Наконец, высказав, на мой взгляд, положенный на одну голову объем комплиментов, я замолчал, разглядывая хранящую молчание соседку. Внезапно она повернулась, ее вторая рука слепо зашарила по мне и, наткнувшись на искомое, затихла. Я замер. Пристально глядя мне в глаза, она придвигалась все ближе и ближе. Наконец наши губы нашли друг друга. Я поцеловал ее, сначала нежно, потом со стремительно нарастающей страстью, заставляющей нас прижаться друг к другу.
— Все, все… хватит, а то я за себя не отвечаю, — ее слова с трудом пробились через хмельной туман в голове.
— Это было очень… необычно, — я не отрывал взгляда от ее лица.
— Необычно? Я чуть голову не потеряла! Внутри меня такой теплый вихрь закрутился, аж закричать захотелось, — она легонько ладошками оттолкнулась от меня. — И вообще, не смотри на меня, я растрепанная, и лицо красное.
— Да, порхающие бабочки в животе — это серьезно, — я постарался сдержать улыбку. — Но вообще как ты здесь оказалась?
— Как-как. Соскучилась сильно и пришла. Ты же, поди, и не подумал зайти?
— Не подумал, — согласился я. — У меня вон, второй день прослушивание идет. Да и куда мне заходить? Я только дом знаю, пока расспрашивать буду, всю тебя скомпрометирую перед соседями.
— Позвонил бы на работу!
— В субботу?
— Ты отговорки ищешь или оправдываешься?
— Конечно, оправдываюсь. Так нам, мужикам, положено, — уже смело я притянул ее к себе и легонько чмокнул в губы.

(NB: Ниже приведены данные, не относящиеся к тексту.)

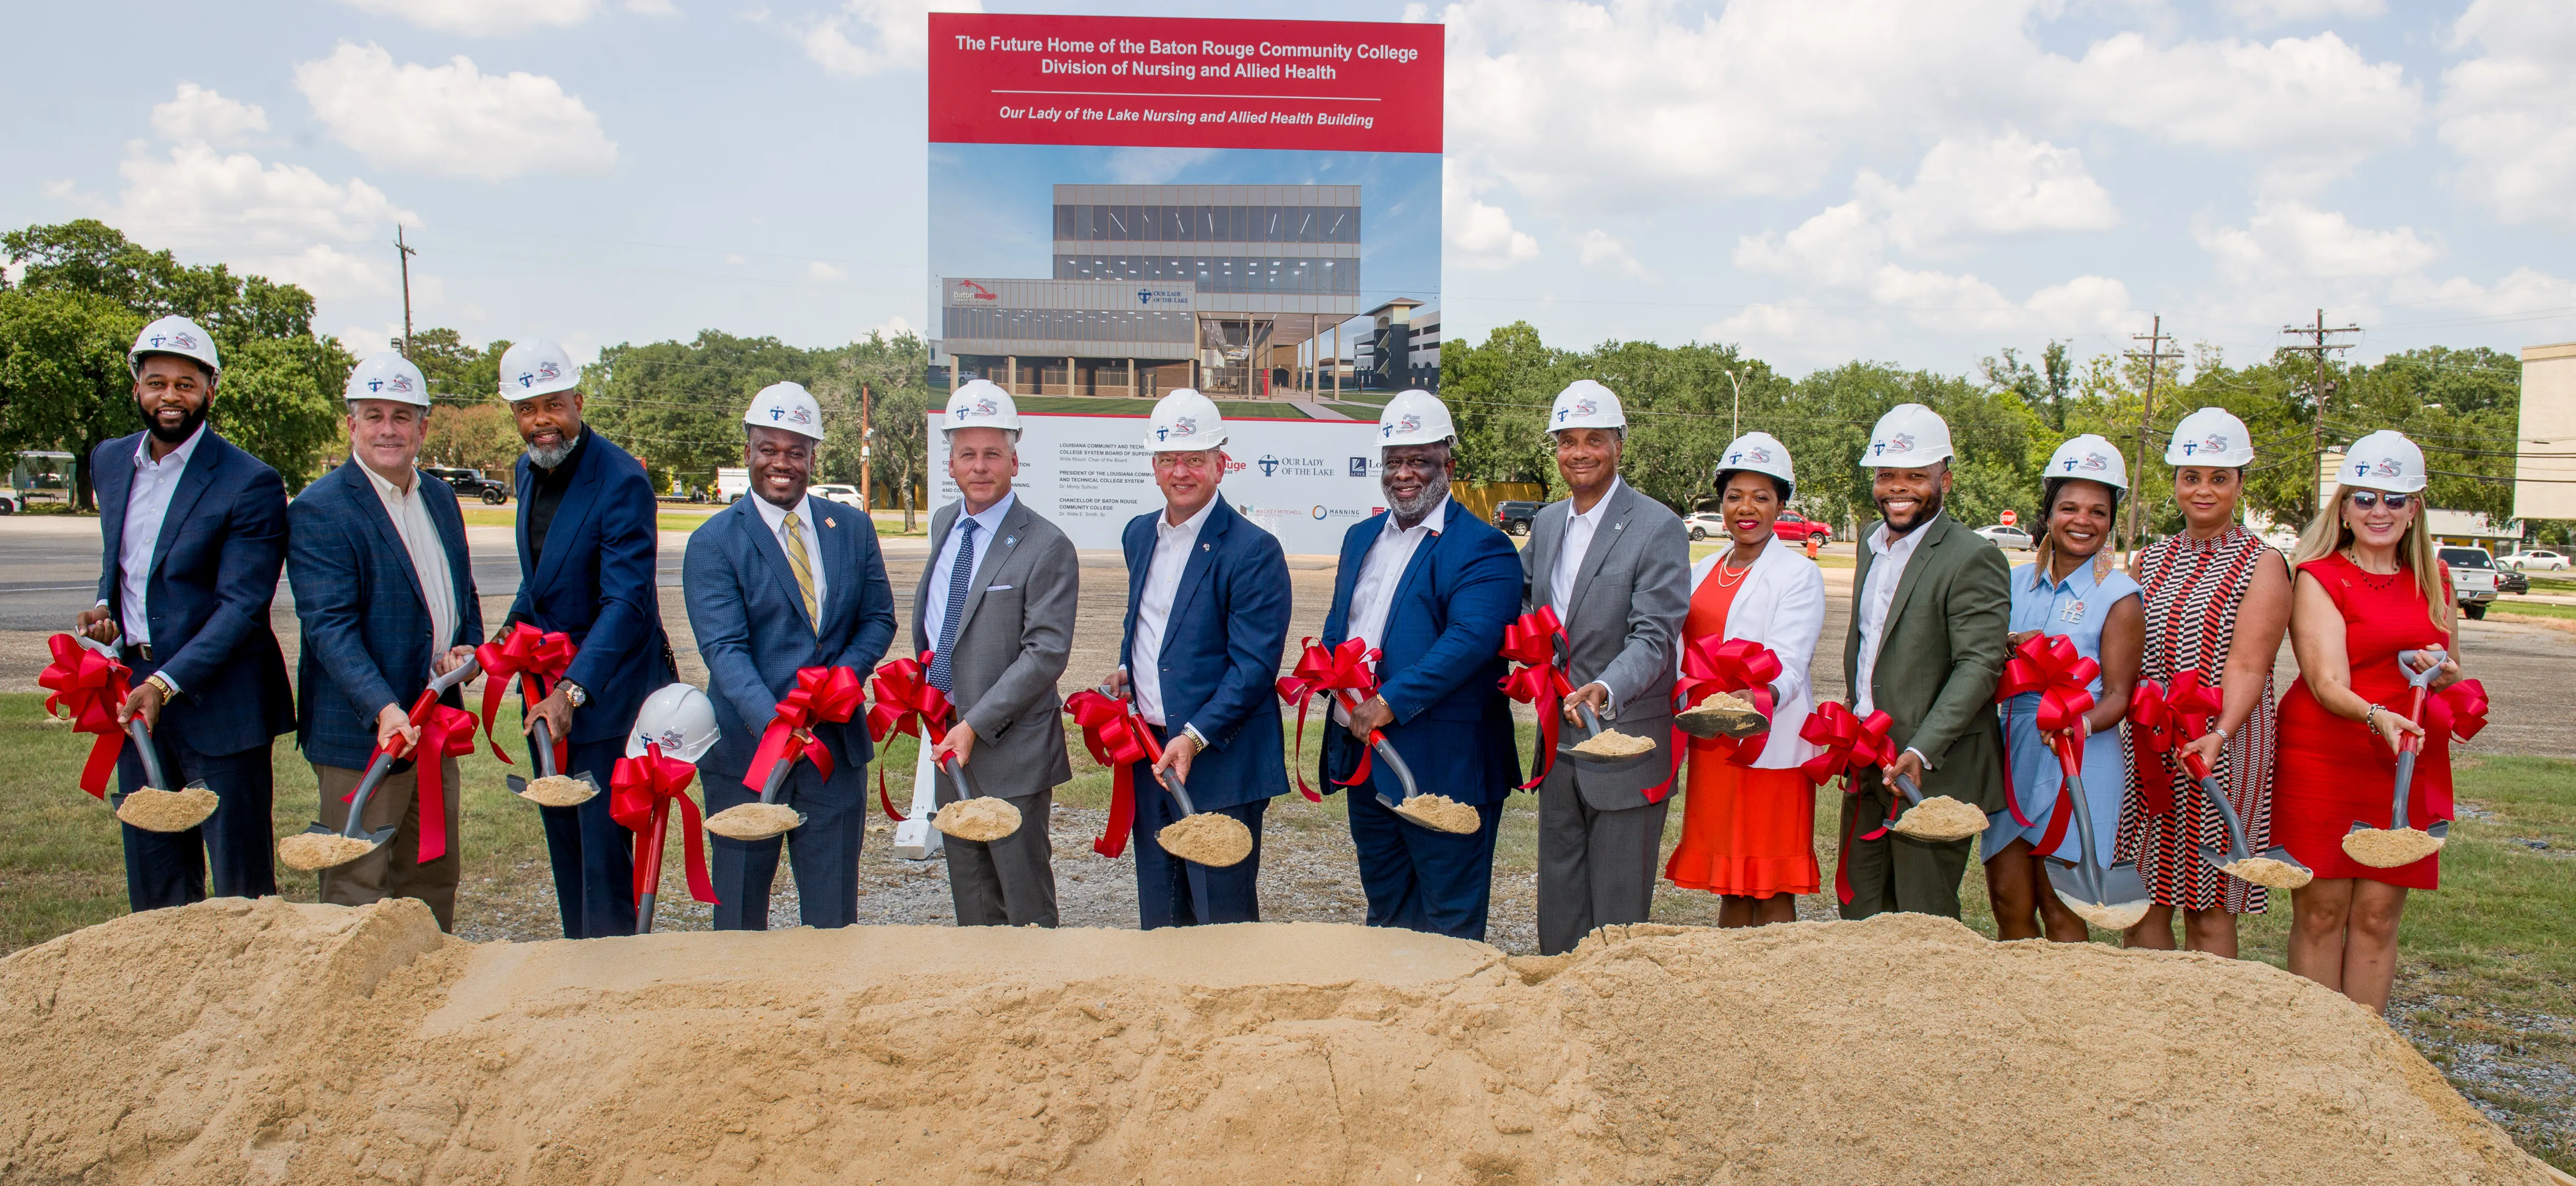  Representatives from Baton Rouge Community College and Our Lady of the Lake break ground on the new Nursing and Allied Health Building during a groundbreaking ceremony on the BRCC Mid City Campus on Thursday, Aug. 8, 2023. Pictured (l to r): Curry Allen, Director of Operations, Our Lady of the Lake Physician Group; Chris Haslitt, Architect, Chasm Architecture; Nathaniel Clark, Managing Partner, Chasm Architecture; Corlin LeBlanc, Vice Chancellor for Finance and Administration, BRCC; Dr. James E. Craven, President, Physician Group, Our Lady of the Lake; Governor John Bel Edwards; Dr. Willie E. Smith, Chancellor, BRCC; Alterman “Chip” Jackson, Vice Chair, Louisiana Community and Technical College System Board of Supervisors; Tina Schaffer, Vice President of Talent Strategy and Chief DEI Officer, Franciscan Missionaries of Our Lady Health System; James Hollins, Board member, Louisiana Community and Technical College System Board of Supervisors; Dr. Michelle Dennis, Dean, Division of Nursing and Allied Health, BRCC; Dr. Pamela Ravare-Jones, Vice Chancellor for Institutional Effectiveness and Strategic Initiatives, BRCC; and Dr. Pilar Blanco Eble, Vice Chancellor for Institutional Advancement, BRCC.

— Вячеслав Владимирович! Вы где? — из зала раздался громкий голос Алевтины, мгновенно разрушив всю романтику.
— Вон, твоя зовет. Иди и завтра позвони, — строгий тон не оставил мне пространства для маневра.

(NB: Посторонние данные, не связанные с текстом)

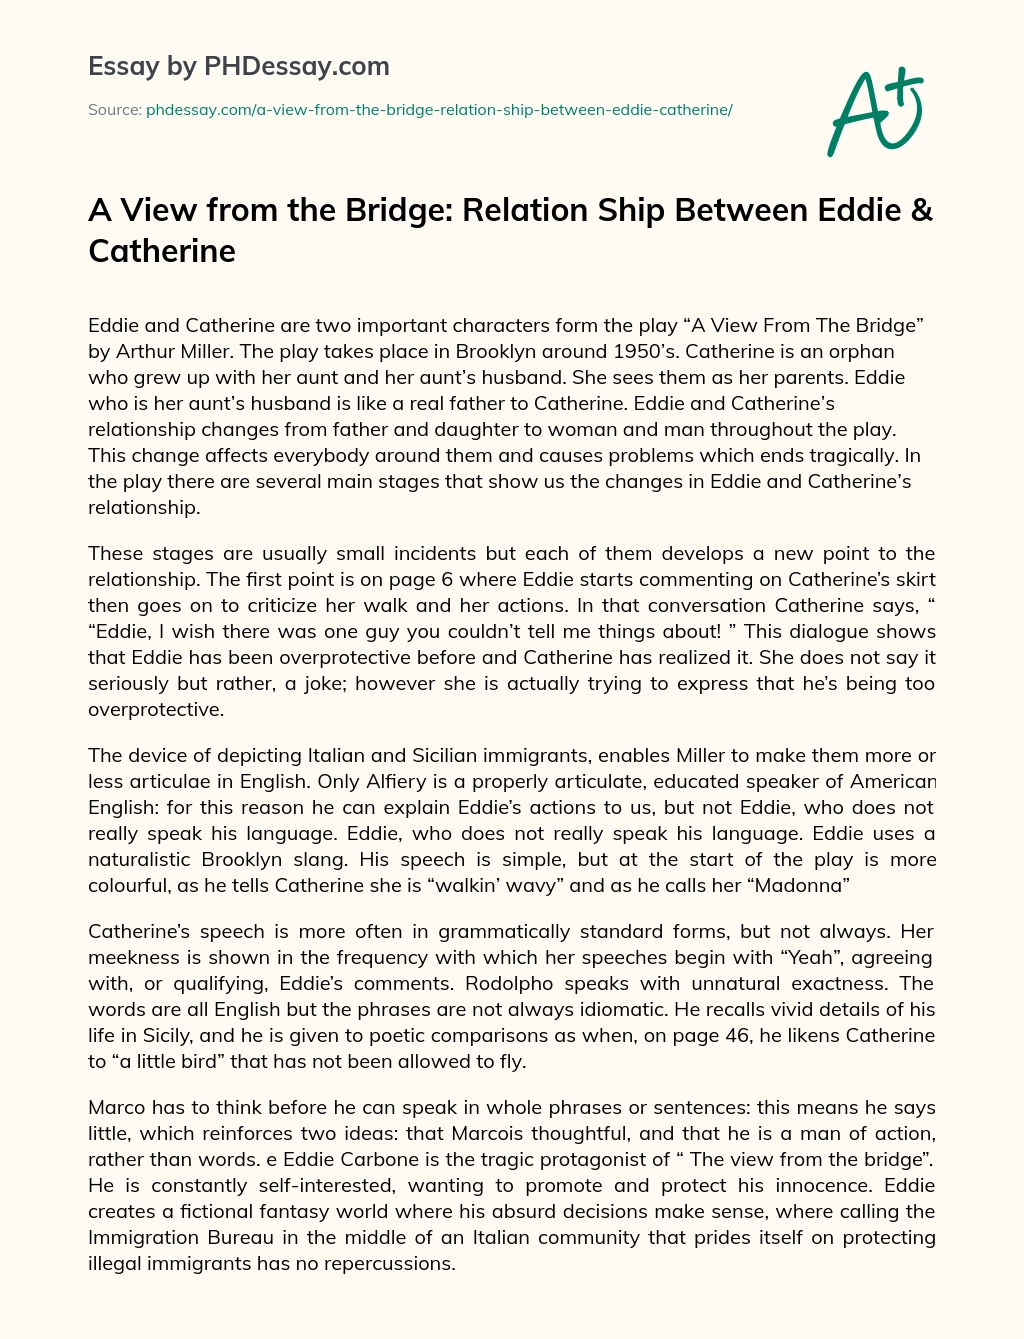 a view from the bridge eddie and catherine relationship essay

Разбежавшиеся после поцелуя мысли потихоньку возвращались в черепушку, и я снова обратил внимание на собирающую бумаги Алевтину. Пройдя по сцене, она поочередно попадала в лучи софитов. Внезапно меня озарило.
— Алевтина, а можно попросить тебя поучаствовать в одном маленьком мысленном эксперименте?
— Конечно, а в чем он заключается?
— Представь себе, что ты у нас на радиостанции сидишь перед микрофоном. Нет, у нас вон скоро телетрансляции будет, давай садись перед камерой… Села? Теперь представь, что ты ведешь детскую передачу, тебя смотрят миллионы детей со всего союза… Режиссер дает отмашку, и ты… — я жестом толкнул к ней воображаемую волну.
— Здравствуйте, дорогие ребята… И уважаемые товарищи взрослые!
Вслепую нащупав за спиной кресло, я медленно опустился в него. Передо мной, застенчиво улыбаясь и явно не понимая такой реакции, стояла Тетя Валя!